Work item:
For each line below that contains the word "ford", return that line.

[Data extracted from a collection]
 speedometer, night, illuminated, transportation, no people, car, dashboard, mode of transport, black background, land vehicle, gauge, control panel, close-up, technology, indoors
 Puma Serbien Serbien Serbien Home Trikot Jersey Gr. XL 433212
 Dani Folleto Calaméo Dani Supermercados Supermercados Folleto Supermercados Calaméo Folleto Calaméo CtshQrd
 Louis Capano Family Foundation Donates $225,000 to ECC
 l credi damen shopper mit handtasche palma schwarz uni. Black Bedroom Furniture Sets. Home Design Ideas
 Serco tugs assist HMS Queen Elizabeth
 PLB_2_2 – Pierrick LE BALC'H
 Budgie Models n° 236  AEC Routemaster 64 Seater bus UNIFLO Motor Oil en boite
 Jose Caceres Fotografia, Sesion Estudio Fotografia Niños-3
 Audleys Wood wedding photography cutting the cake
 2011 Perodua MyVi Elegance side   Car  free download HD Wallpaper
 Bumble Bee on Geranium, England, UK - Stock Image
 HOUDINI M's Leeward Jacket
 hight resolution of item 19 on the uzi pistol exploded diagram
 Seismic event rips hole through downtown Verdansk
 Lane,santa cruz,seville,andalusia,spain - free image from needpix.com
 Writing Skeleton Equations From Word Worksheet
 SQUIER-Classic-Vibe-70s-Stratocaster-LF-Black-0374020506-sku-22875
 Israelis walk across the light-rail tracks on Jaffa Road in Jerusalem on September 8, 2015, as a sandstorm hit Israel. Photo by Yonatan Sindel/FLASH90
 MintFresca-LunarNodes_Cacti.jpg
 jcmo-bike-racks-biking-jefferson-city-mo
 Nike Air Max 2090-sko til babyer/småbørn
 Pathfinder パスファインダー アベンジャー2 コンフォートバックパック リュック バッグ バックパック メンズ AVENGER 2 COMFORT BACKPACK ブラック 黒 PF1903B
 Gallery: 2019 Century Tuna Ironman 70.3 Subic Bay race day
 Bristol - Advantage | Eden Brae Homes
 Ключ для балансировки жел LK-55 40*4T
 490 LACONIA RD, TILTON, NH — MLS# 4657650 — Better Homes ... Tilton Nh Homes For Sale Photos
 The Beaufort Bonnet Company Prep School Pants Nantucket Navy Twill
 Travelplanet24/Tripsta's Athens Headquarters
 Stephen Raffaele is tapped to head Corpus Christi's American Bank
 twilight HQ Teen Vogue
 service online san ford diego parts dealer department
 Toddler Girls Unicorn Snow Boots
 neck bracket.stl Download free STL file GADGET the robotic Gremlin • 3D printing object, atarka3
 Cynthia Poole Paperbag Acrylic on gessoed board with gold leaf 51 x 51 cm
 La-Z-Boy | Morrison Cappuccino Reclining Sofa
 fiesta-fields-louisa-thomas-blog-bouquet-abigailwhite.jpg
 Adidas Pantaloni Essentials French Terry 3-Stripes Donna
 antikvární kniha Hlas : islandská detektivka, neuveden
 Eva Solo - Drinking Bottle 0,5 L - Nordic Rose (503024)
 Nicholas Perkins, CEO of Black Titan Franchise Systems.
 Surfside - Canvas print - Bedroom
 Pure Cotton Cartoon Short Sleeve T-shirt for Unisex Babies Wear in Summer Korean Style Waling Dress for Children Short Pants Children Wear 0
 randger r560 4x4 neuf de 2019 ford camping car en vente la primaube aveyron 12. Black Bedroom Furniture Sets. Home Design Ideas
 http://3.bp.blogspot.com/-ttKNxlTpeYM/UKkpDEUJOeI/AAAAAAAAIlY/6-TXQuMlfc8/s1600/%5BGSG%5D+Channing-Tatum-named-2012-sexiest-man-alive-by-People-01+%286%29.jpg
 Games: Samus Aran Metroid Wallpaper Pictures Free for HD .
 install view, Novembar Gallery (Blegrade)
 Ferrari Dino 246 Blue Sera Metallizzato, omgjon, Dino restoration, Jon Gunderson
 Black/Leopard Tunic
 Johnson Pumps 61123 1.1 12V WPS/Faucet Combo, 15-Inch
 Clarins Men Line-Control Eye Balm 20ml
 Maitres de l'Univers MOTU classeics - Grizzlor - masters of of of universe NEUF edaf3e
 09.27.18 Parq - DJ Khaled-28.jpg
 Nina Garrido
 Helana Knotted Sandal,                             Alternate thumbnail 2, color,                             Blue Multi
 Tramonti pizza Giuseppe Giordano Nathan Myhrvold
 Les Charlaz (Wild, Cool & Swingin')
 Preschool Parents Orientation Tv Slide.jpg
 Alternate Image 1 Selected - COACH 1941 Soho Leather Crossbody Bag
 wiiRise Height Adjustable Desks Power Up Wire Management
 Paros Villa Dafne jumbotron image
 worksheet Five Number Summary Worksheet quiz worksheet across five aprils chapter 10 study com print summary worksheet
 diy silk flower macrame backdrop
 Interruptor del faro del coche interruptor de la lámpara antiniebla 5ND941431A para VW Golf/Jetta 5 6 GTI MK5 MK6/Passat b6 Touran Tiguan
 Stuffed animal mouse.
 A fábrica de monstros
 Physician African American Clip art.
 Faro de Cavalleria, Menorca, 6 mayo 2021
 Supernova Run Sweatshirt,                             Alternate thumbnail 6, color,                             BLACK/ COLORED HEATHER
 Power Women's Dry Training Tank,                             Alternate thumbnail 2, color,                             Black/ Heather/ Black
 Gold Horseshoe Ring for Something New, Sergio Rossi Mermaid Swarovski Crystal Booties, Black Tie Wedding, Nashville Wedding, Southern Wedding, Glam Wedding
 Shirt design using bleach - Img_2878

Exercise answer:
 service online san ford diego parts dealer department
 randger r560 4x4 neuf de 2019 ford camping car en vente la primaube aveyron 12. Black Bedroom Furniture Sets. Home Design Ideas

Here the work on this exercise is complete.